= Think Education =

Vocational education and training provider in Australia

Think Education is a higher education and vocational education and training provider in Australia, and is the primary trading name of Think Education. It delivers education through several campuses in Sydney, Brisbane, Melbourne and Adelaide, as well as through online study. Think Education is owned by Strategic Education Inc., and was previously owned by Laureate International Universities.

Think Education now only operates in the health discipline, offering two courses: Diploma of Nursing and Bachelor of Health Science (Clinical Myotherapy).

==Accreditation==
Think Education and its eight colleges are accredited in Australia by the Tertiary Education Quality and Standards Authority (TEQSA) and the Australian Skills Quality Authority (ASQA). Individual courses have specific accreditation from industry associations, especially among its health courses. Think Education as a provider, as well as most of its courses, also have accreditation with the Commonwealth Register of Courses for Overseas Students (CRICOS).

==Awards==
Think Education won the Australian Council for Private Education and Training (ACPET) award for Higher Education Provider of the Year in 2012.

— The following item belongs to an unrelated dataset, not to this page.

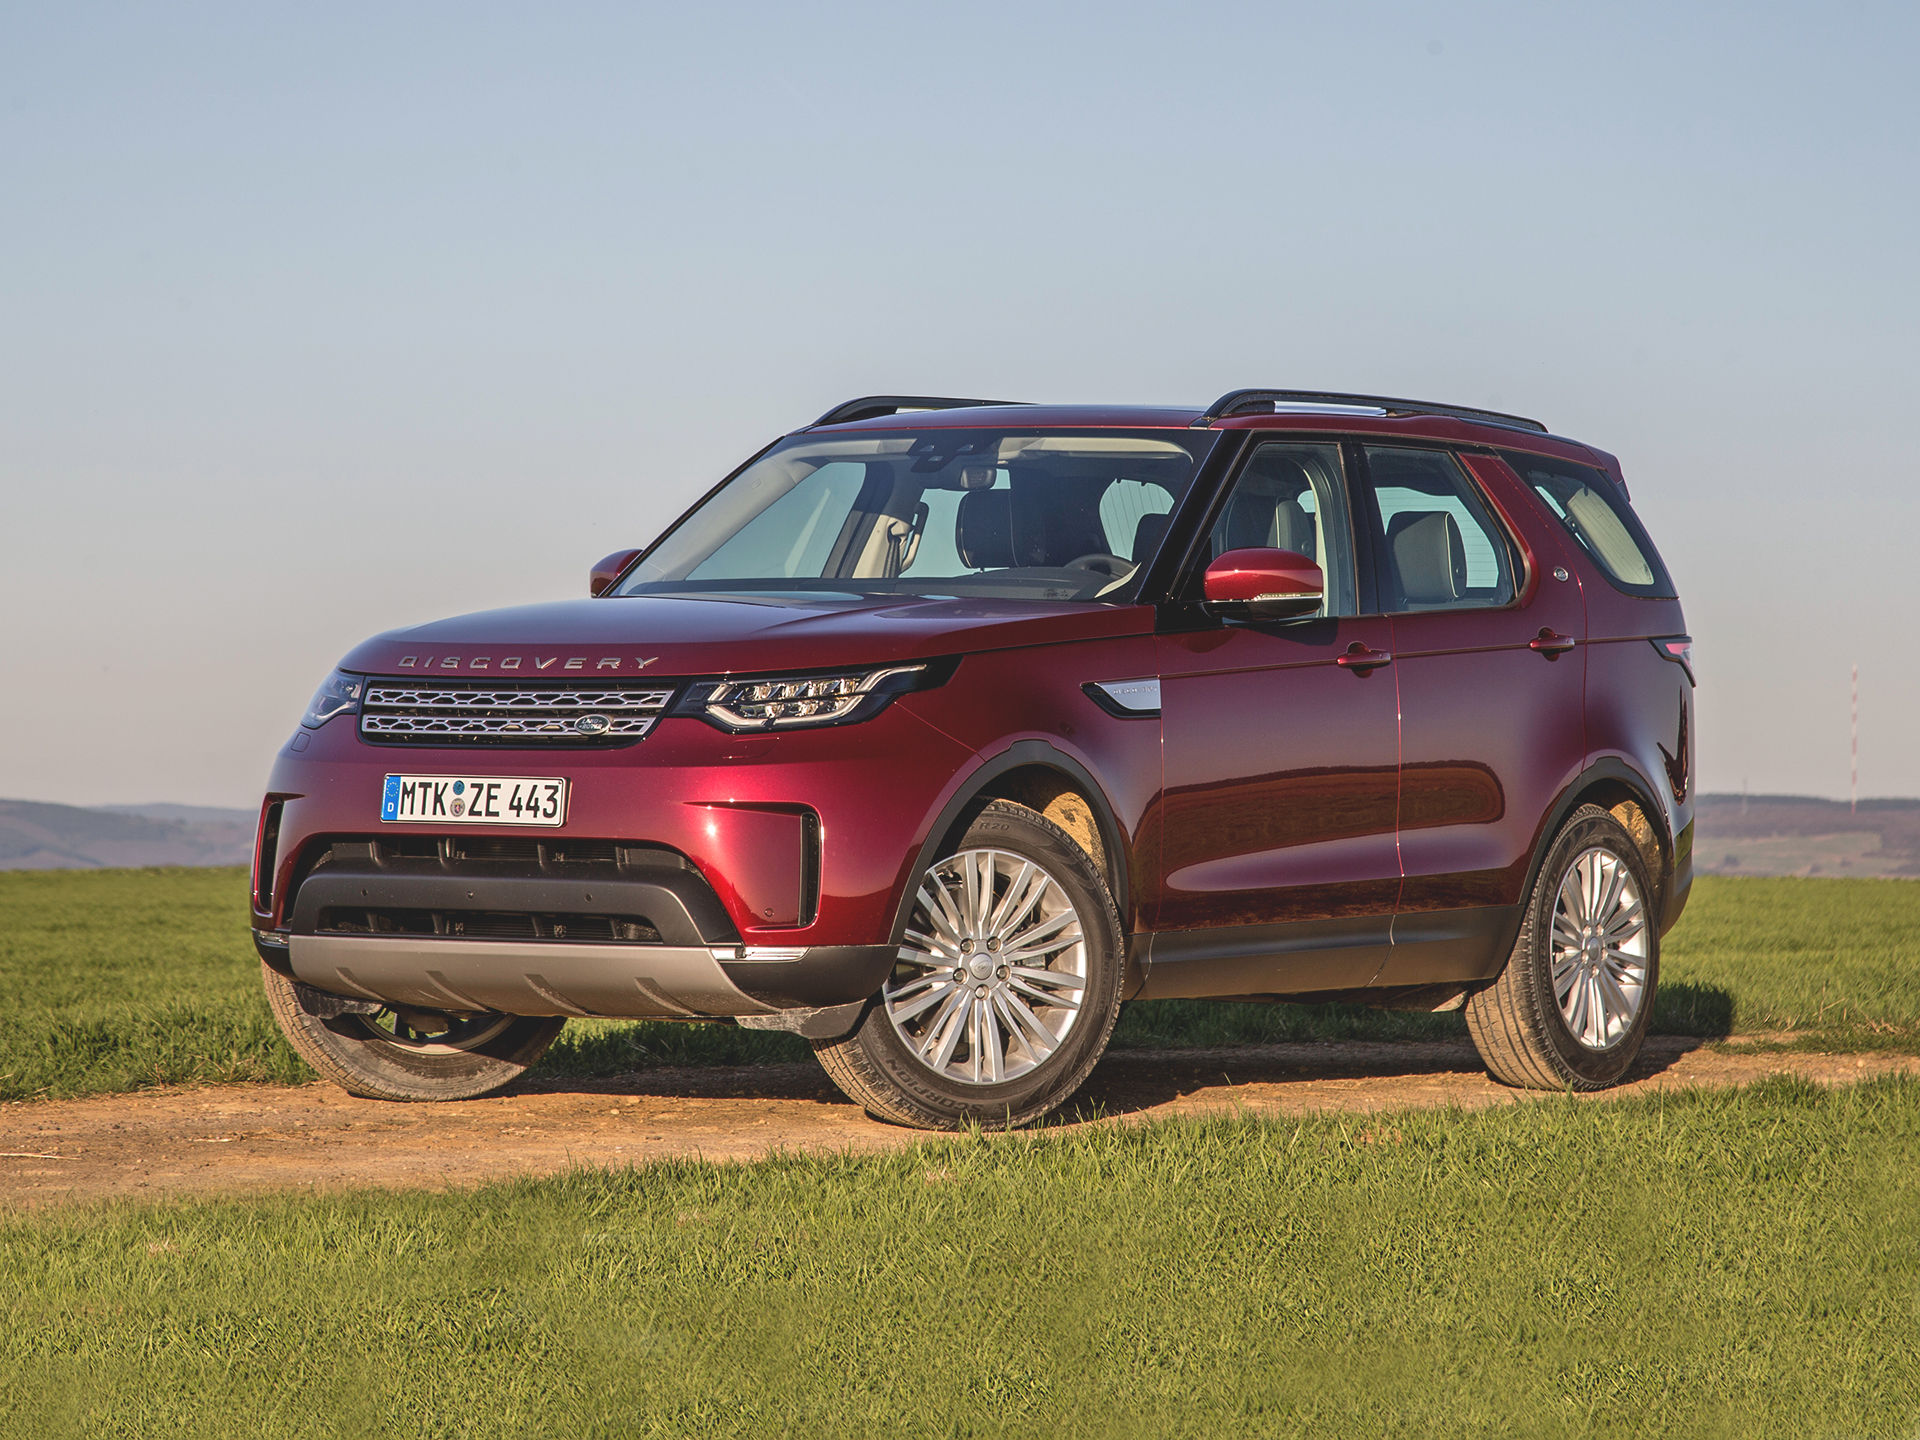 15495e279ea8 Без «понижайки» нам не надо! Land Rover останавливает продажи ...

William Blue College of Hospitality Management training restaurant, William Blue Dining, has won three Restaurant and Catering Association Awards for Excellence.

==Notable Graduates==
- Gwangho “Sid” Choi - Winner of Masterchef Korea Season 3
- Eddie Leung - Owner of award-winning restaurant, 'Spago'
- Katie Holgate - Winner of the 2014 Southern Cross Packaging Design Award in the Accessibility and Legibility category.
- Stephanie Nguyen - Winner of the 2014 Staron Design Award in the Concept category.